# Does anyone have anything good to say about jd 410 baler?



## irekkin (Nov 18, 2011)

i bought a jd 410 baler recently, it needs alittle work and i have'nt had a chance to use it yet. from what i've read and heard people don't have much good to say about them. i only plan to bale about a hundred bales a year so could i tough it out with this baler?


----------



## Vol (Jul 5, 2009)

handyrandy said:


> i bought a jd 410 baler recently, it needs alittle work and i have'nt had a chance to use it yet. from what i've read and heard people don't have much good to say about them. i only plan to bale about a hundred bales a year so could i tough it out with this baler?

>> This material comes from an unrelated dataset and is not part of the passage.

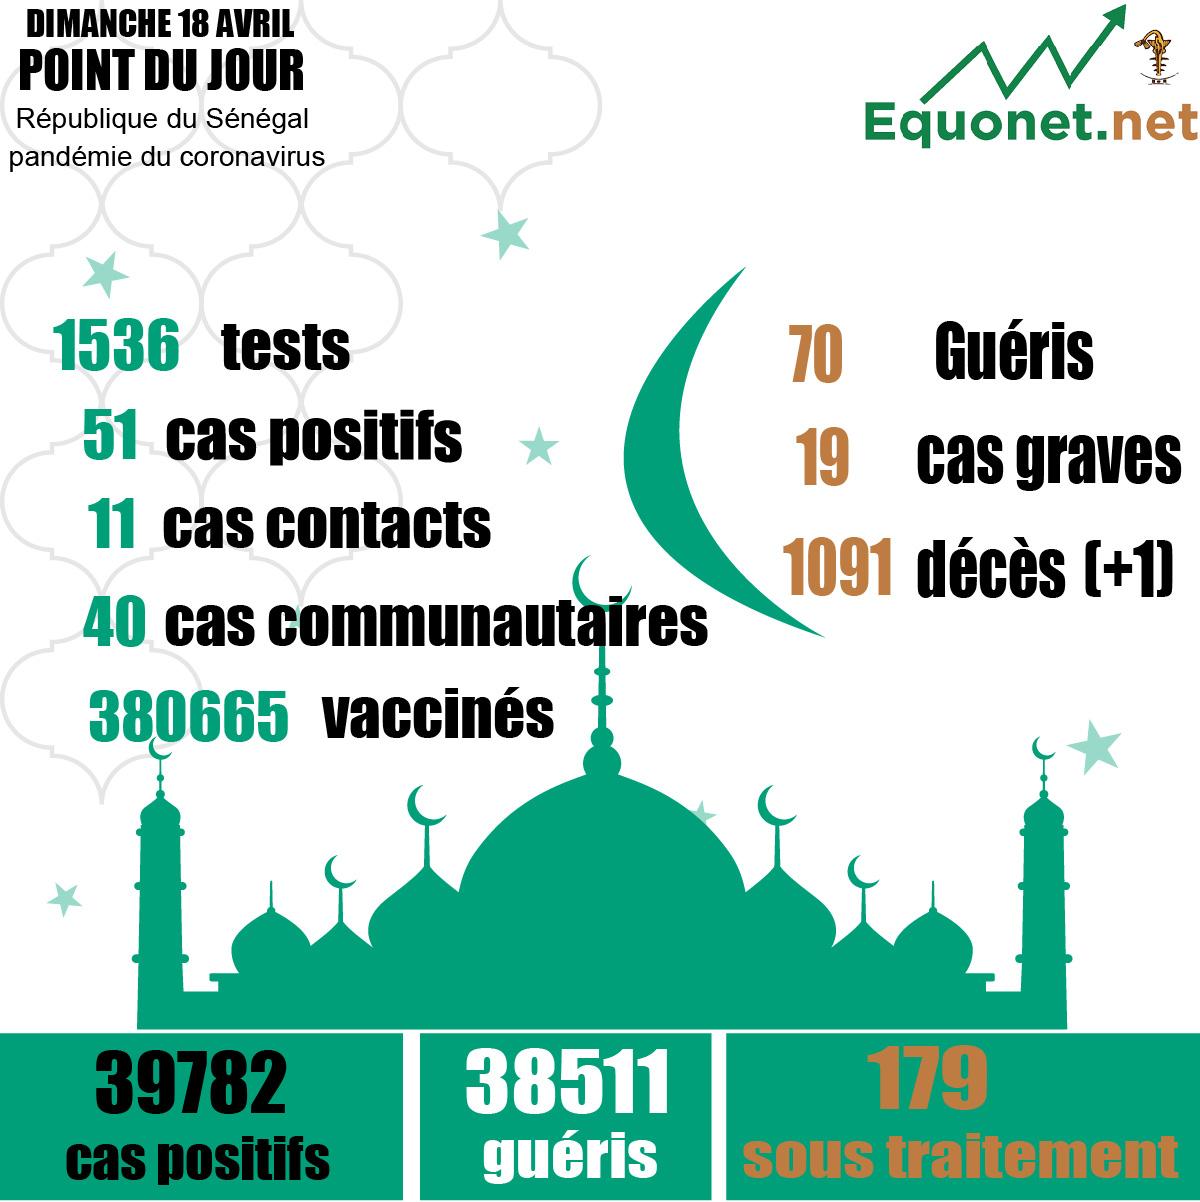 pandémie du coronavirus-covid-19 au sénégal : 40 cas communautaires et 01 décès enregistrés ce dimanche 18 avril 2021

My neighbor bought one new 30 years or so ago. It will do fine as long as you realize that it is a closed throat baler and that you can plug it up with a large swallow of hay. Keep your windrows to a moderate size(about like square bale windrows) and it will do well for you. A little slow and small by todays standards but will be fine to bale 20-25 acres.

Regards, Mike


----------



## downtownjr (Apr 8, 2008)

Vol hit the nail on the head. Used a JD 510 for awhile and it would plug with a large swallow of hay ff you were not careful. I have done it before. I imagine it has the 4 inch belts like the 510 and they are not as nice as the wider belts and not that good for shorter grass hay in your later cuts. But, it worked and was never a hard baler to maintain. The 510 baled a lot of bales. It should work well for the acres you baling. Just remember to to always engage the safety catches on the door, I always engage them, but that baler I would never trust without the safety engaged for any reason.


----------



## irekkin (Nov 18, 2011)

thanks for both replies. this baler is in decent shape and alittle work should get it going. the main reason i was double checking is i've run across a hesston 5510 in good shape and a good price, but i hate to spend the money if i can get the job done with what i have. i usually don't get in a big hurry when i'm cutting hay anyway. thanks.


----------